The Whistling Wind Chapter 7: Wordsworth

Published on 20 October 2025 at 17:00

The spring morning of April 22, 2009, was warm, like the Caribbean heat. The low clouds covered the blue sky, and a light, fresh city breeze blew; the whistling wind drifted like a sailing boat.

 

It twisted like a princess dancing and twirling from the excitement of a rollercoaster. The day was damp, as a fine mist of rain wandered out of the sky.

You could be standing at the edge of a waterfall, which was very humid and muggy. On top of the morning, I felt bright and chirpy, with a step to my walk.

I looked around at the girls as I bopped, watching their tits rock, cars going beep then stop, the rush for the bus, while others walk, somebody shouts, ‘Look out, the bike.’

It’s bloody mad.

The drivers panic, trying to get across the road. They put their cars in gear, racing off before the green goes. Money-hungry, doesn’t it drive you crazy?

If not, maybe.

I’m in no rush to get to my appointment with Awareness Workshop Working Links. It was part of the new government's back-to-work plan.

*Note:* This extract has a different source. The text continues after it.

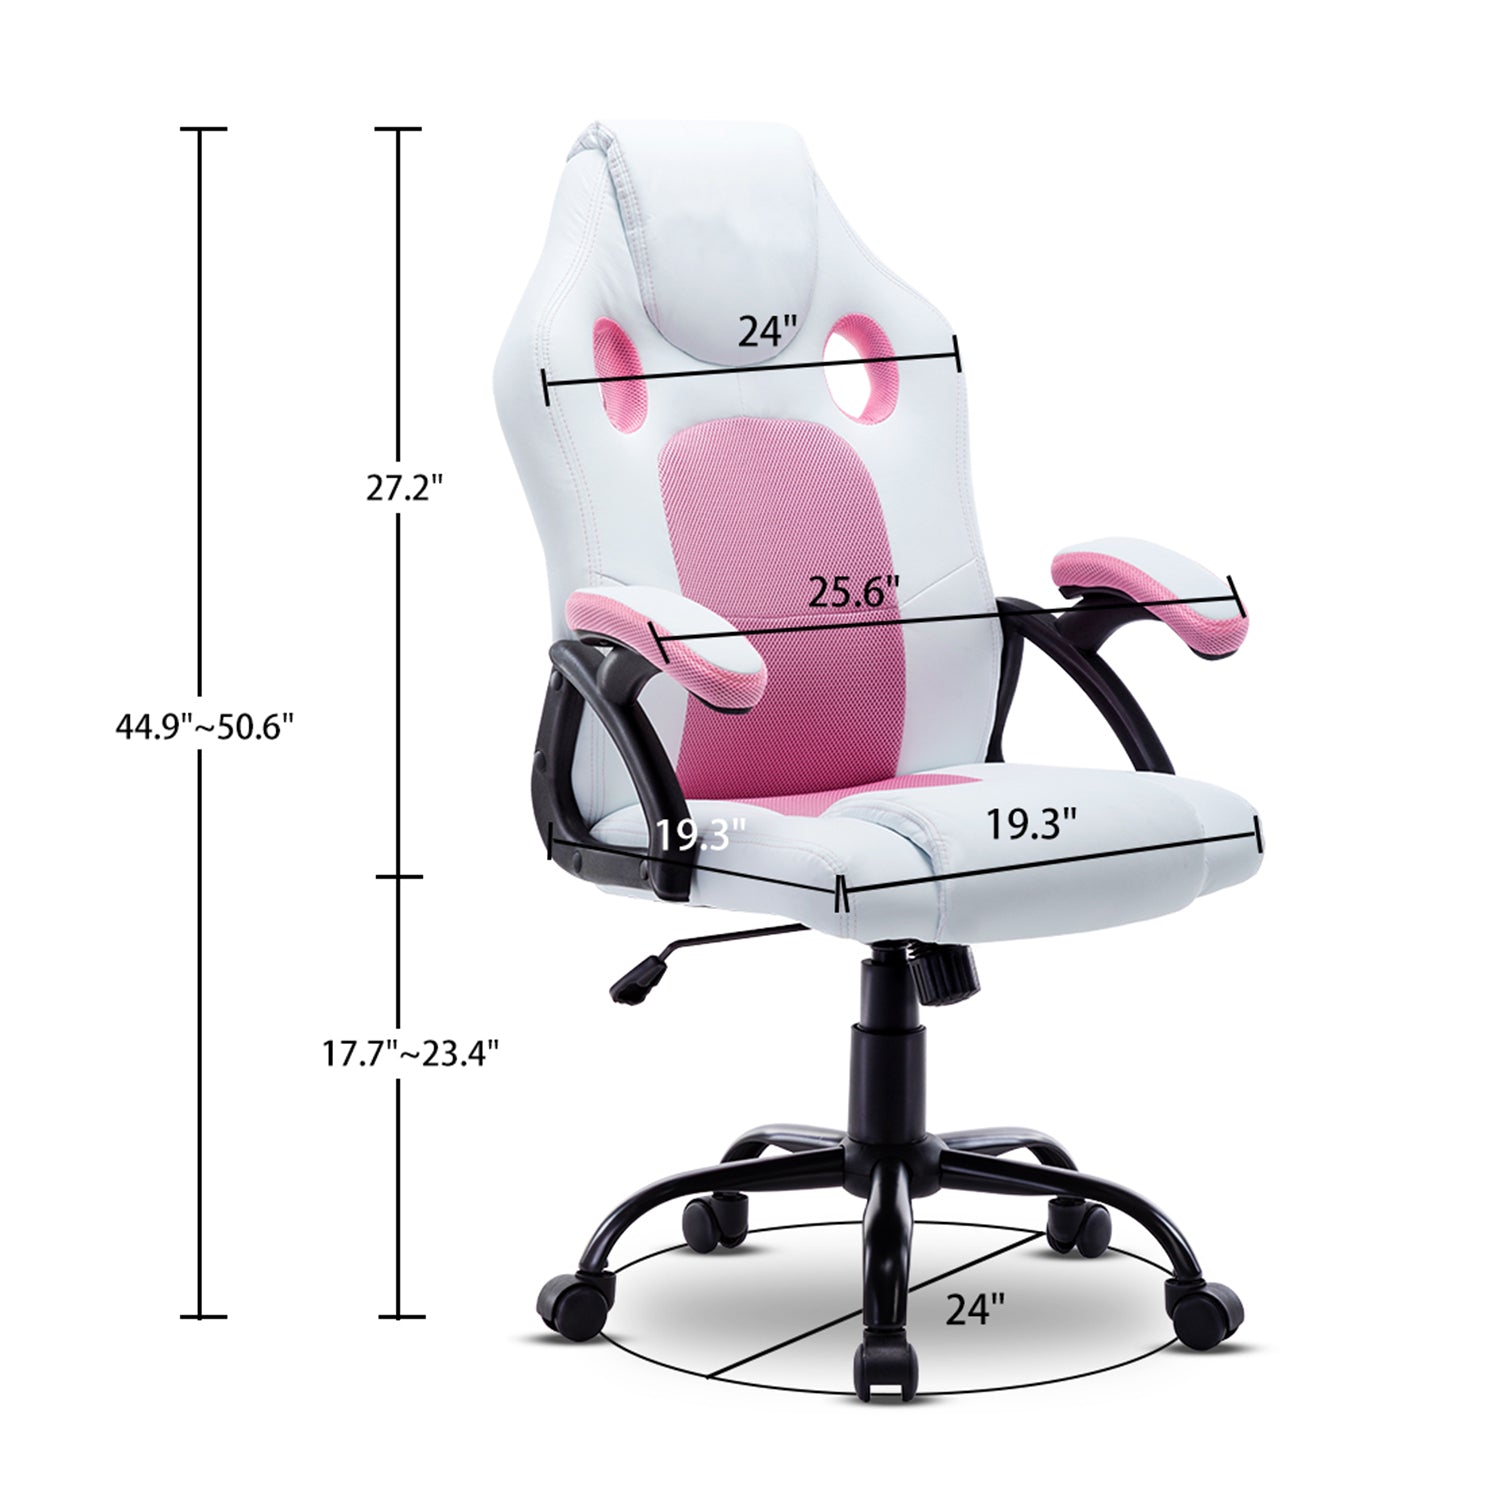 Gaming Chair-Ergonomic Racing Office Computer Game Chair-Swivel Rocker E-Sports Chair with Adjustable Backrest and Seat Height (Pink+White)
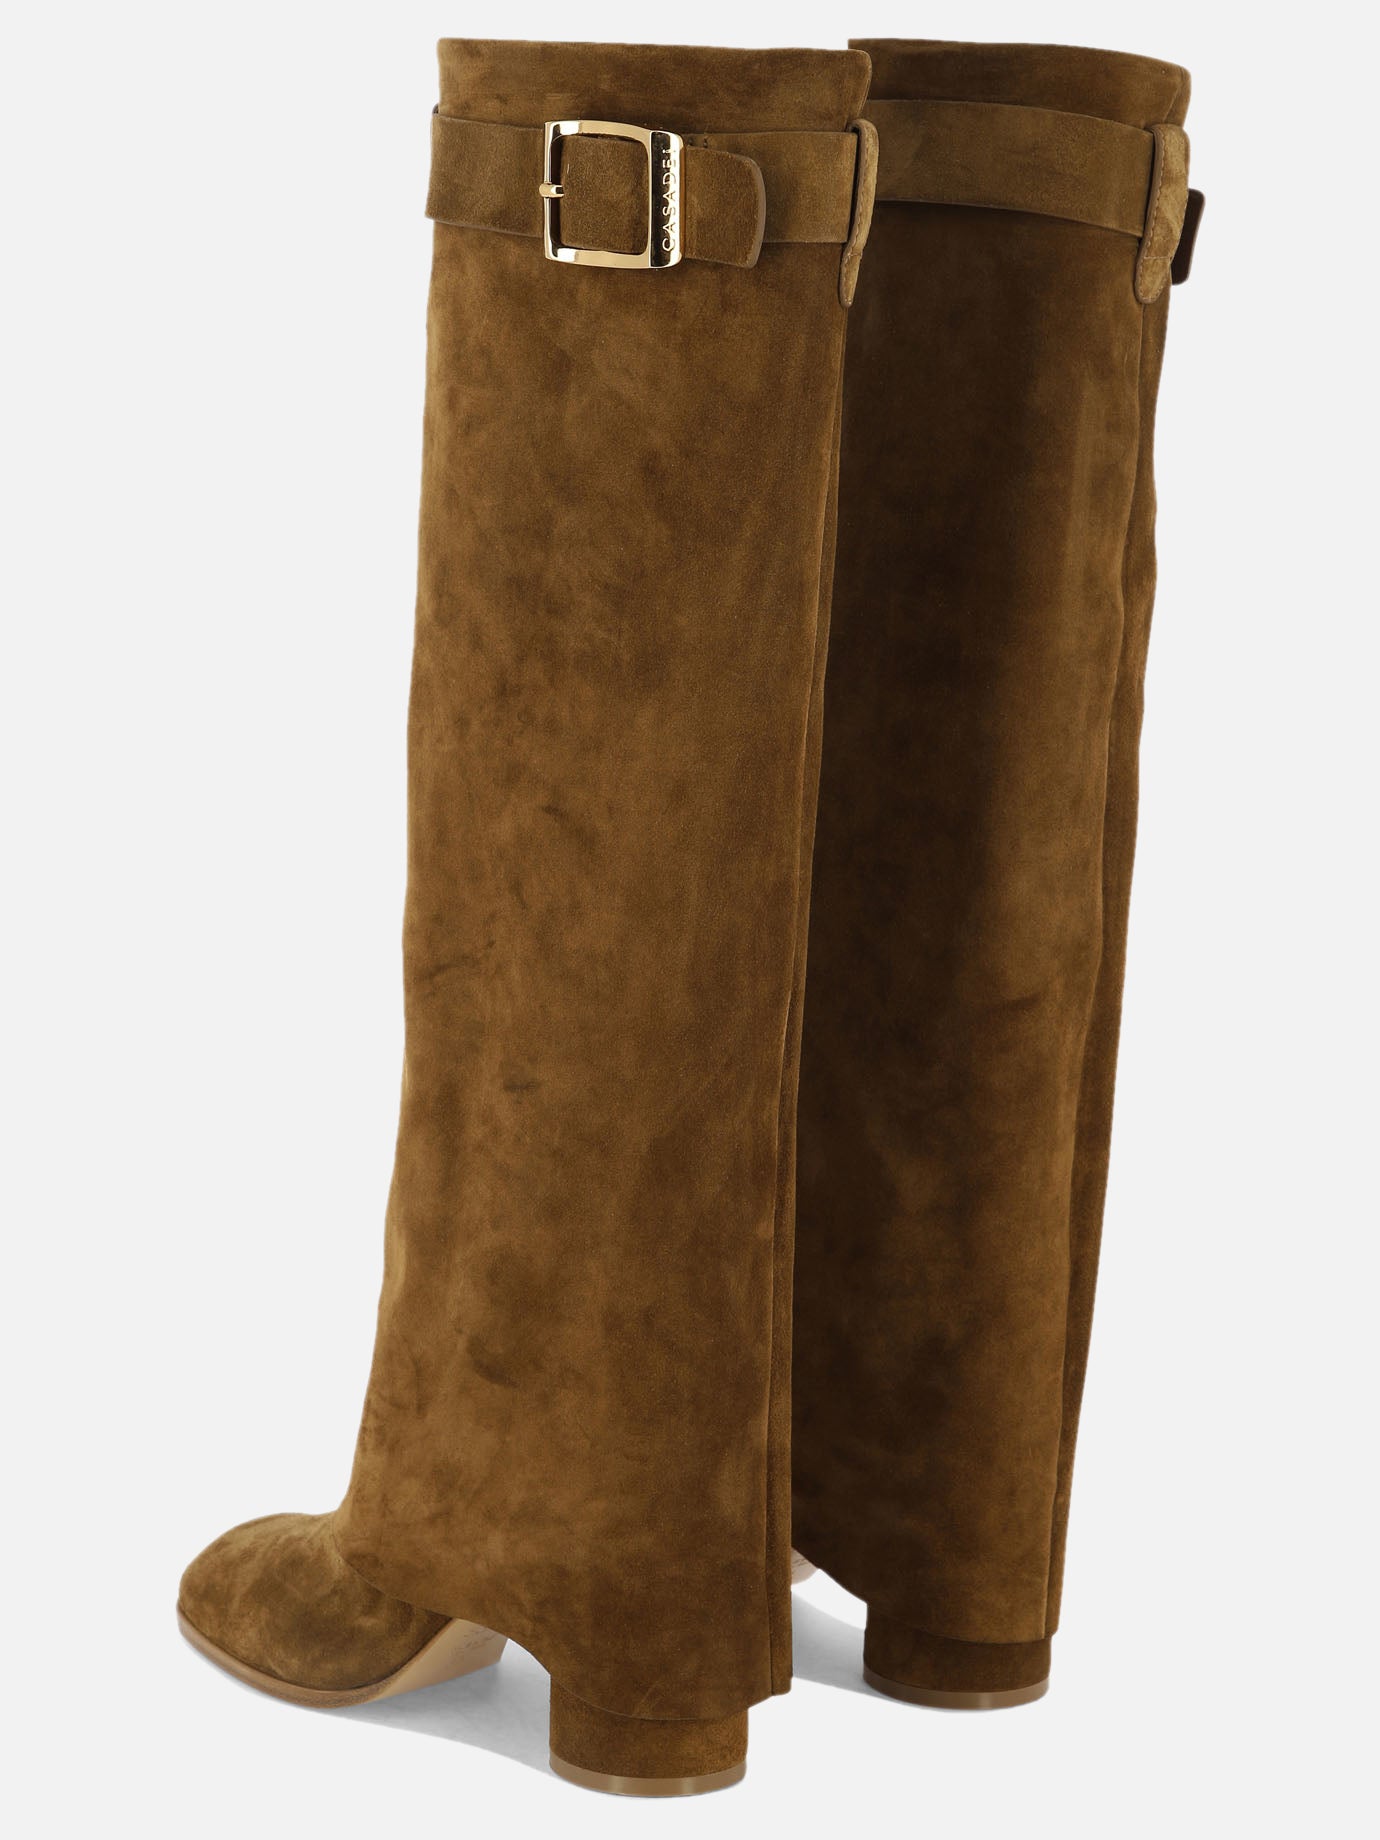 "Nomad" boots

Since I made the appointment on March 22, 2009, I have intended to use any grant offered to start a new promotional company, Deejay Agency, as a long-term proposal. On the day, I had mixed feelings about how I would be received once I had my say.

I just needed people to hear my views. What I had to say was vital. The urgency, importance, and necessity were clear to me.

People around the world were suffering and dying needlessly.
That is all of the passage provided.